O seu posicionamento firme contra as alterações propostas à lei do trabalho não é apenas uma reação sindical previsível, é um alerta necessário sobre o impacto que essas mudanças podem ter na qualidade do serviço público e na dignidade laboral.
O trabalho na administração local tem especificidades que dificilmente encontram paralelo noutros setores. Os trabalhadores dos municípios, freguesias, serviços municipalizados e empresas locais têm responsabilidades diretas na prestação de serviços essenciais, da recolha de resíduos à manutenção urbana, do fornecimento de água ao socorro prestado, da ação social ao apoio administrativo, da cultura ao ambiente. São estes trabalhadores que garantem que a vida nas cidades e aldeias decorre com normalidade, muitas vezes em condições exigentes e com recursos limitados. Ainda assim, ao longo dos últimos anos, enfrentaram congelamentos salariais, falta de progressão profissional, vínculos precários e um subfinanciamento crónico dos serviços onde exercem funções.
É neste contexto que o STAL se posiciona como uma força mobilizadora e reivindicativa. A sua atuação não se limita a questões laborais estritas, parte de uma visão mais ampla do serviço público local como pilar da coesão social e territorial. Por isso, quando o sindicato critica propostas que fragilizam vínculos, ampliam a possibilidade de despedimentos ou reduzem direitos consolidados, está simultaneamente a defender a continuidade e qualidade dos serviços prestados à população.
As alterações propostas à lei do trabalho, sob o argumento de modernização e flexibilização, levantam várias preocupações legítimas, entre elas, a expansão de regimes contratuais temporários, a facilitação da mobilidade funcional e geográfica sem garantias adequadas, e a introdução de mecanismos que, na prática, podem resultar em maior desproteção para trabalhadores com funções essenciais. Para o STAL, tais mudanças representam um retrocesso. Não por imobilismo, mas porque a experiência demonstra que a “flexibilização” muitas vezes se traduz em fragilização, sobretudo no setor público local onde a estabilidade é crucial.
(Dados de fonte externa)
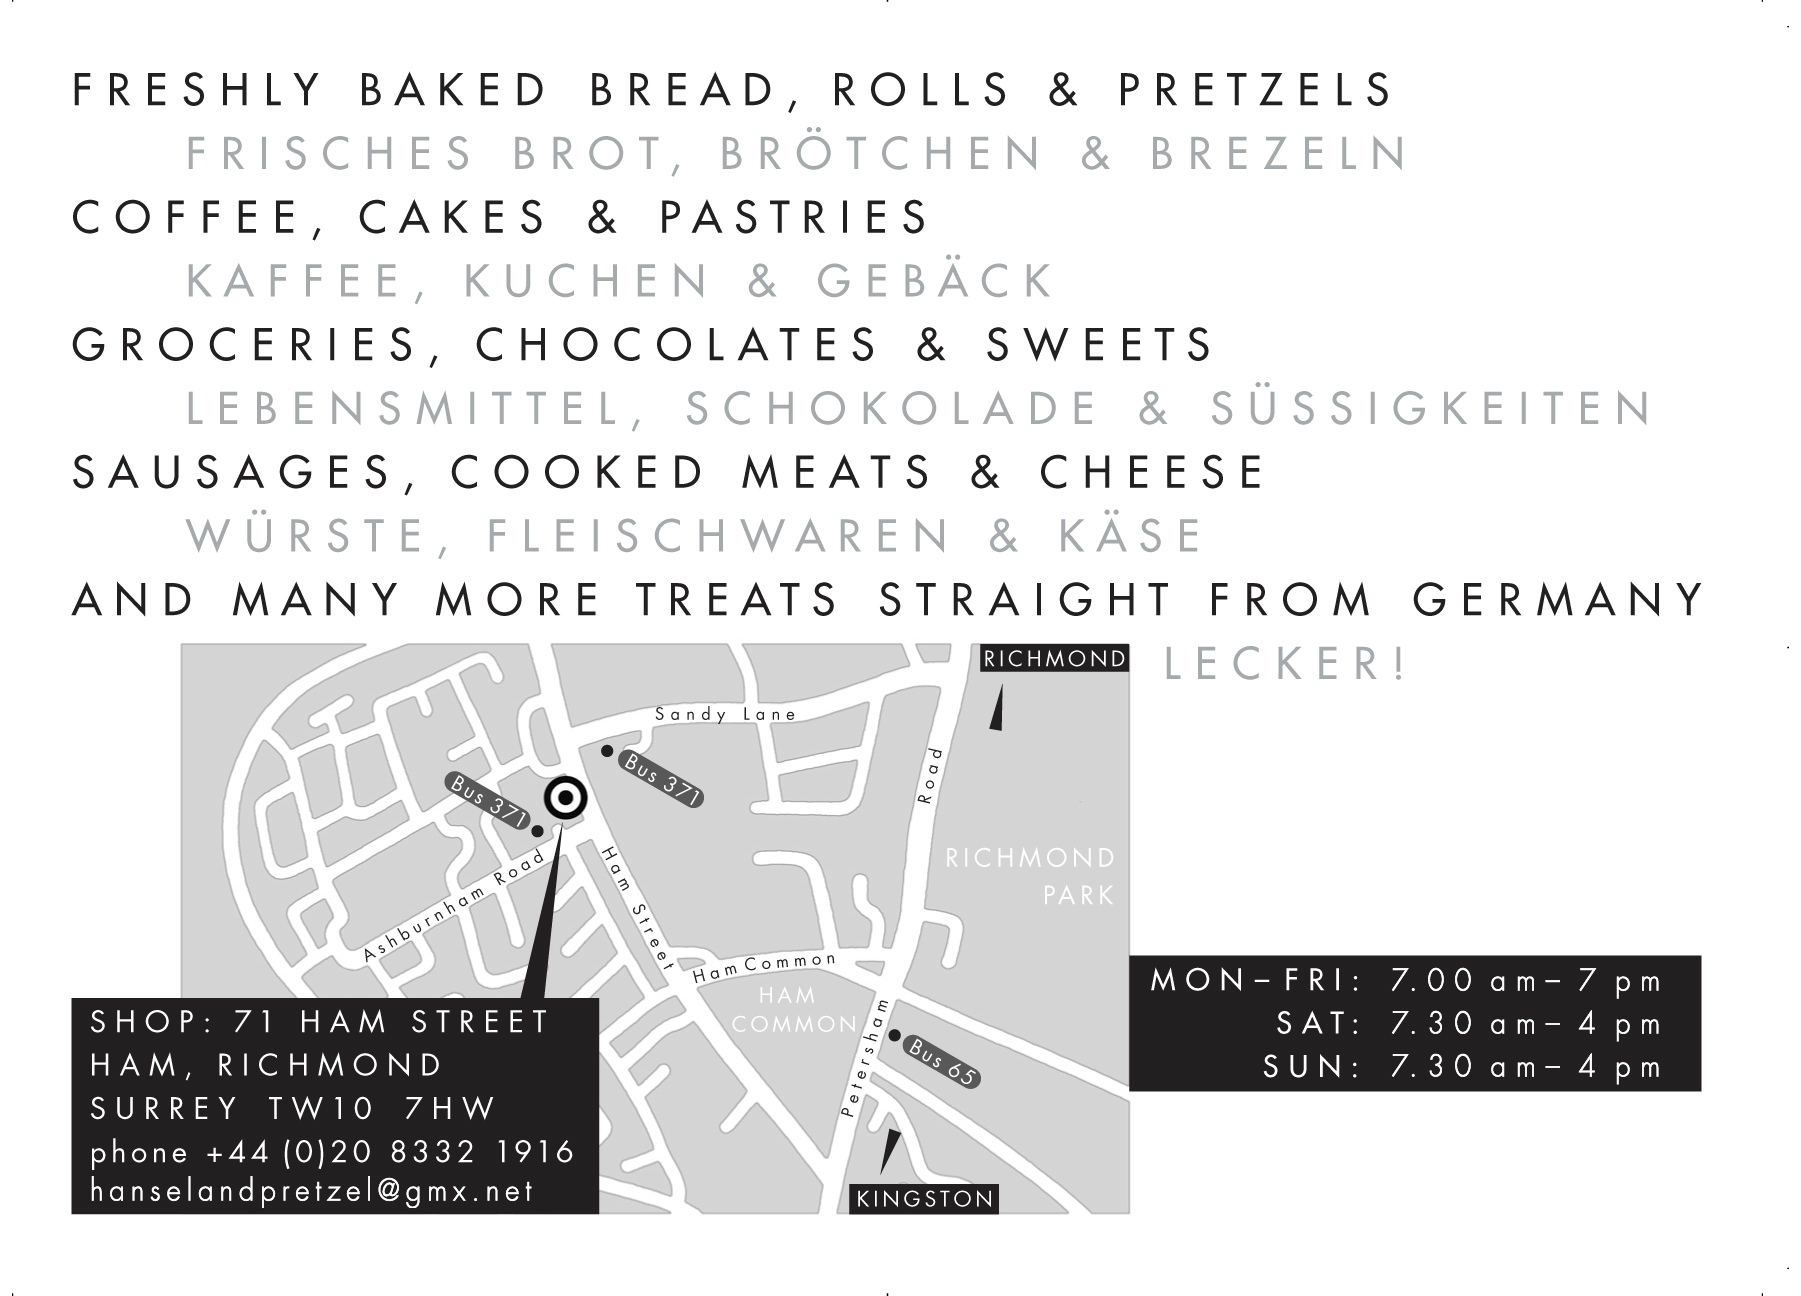 Freshly baked bread, rolls and pretzels. Coffee, cakes and pastries. Groceries, chocolates and sweets. Sausages, cooked meats and cheese. And many more treats straight from Germany. Hansel and Pretzel, 71 Ham Street, Ham - Richmond, TW10 7HW, Tel 020 8332 1916. Open Mon - Fri 7.00 - 5.00, Sat & Sun 7.00 - 5.00

A posição do sindicato assenta na certeza de que a administração local necessita de valorização profissional, investimento e estabilidade, não de formas encapotadas de precarização. O país enfrenta desafios profundos, alterações climáticas, aumento das desigualdades, envelhecimento populacional, que exigem serviços públicos robustos e trabalhadores motivados. Sem condições de trabalho dignas, sem carreiras valorizadas e sem vínculos sólidos, não há capacidade de resposta eficaz.
A crítica do STAL às propostas legislativas inclui também uma dimensão democrática. O sindicato defende que qualquer processo de revisão da lei laboral deve ser amplamente discutido, ouvindo não só empregadores e o governo, mas também os trabalhadores e as suas organizações representativas. Uma legislação que regula direitos fundamentais não deve ser imposta de forma apressada ou unidirecional. A participação sindical é um elemento essencial para garantir equilíbrio e justiça.
Assim, a posição do STAL revela um compromisso de longo prazo com os trabalhadores da administração local e com a defesa do interesse público. O sindicato cumpre o seu papel ao resistir a medidas que, sob o pretexto da eficiência, possam erodir conquistas históricas. Num tempo em que os serviços públicos enfrentam pressões crescentes, a voz do STAL lembra-nos que não se constrói um país mais justo enfraquecendo quem o sustenta diariamente.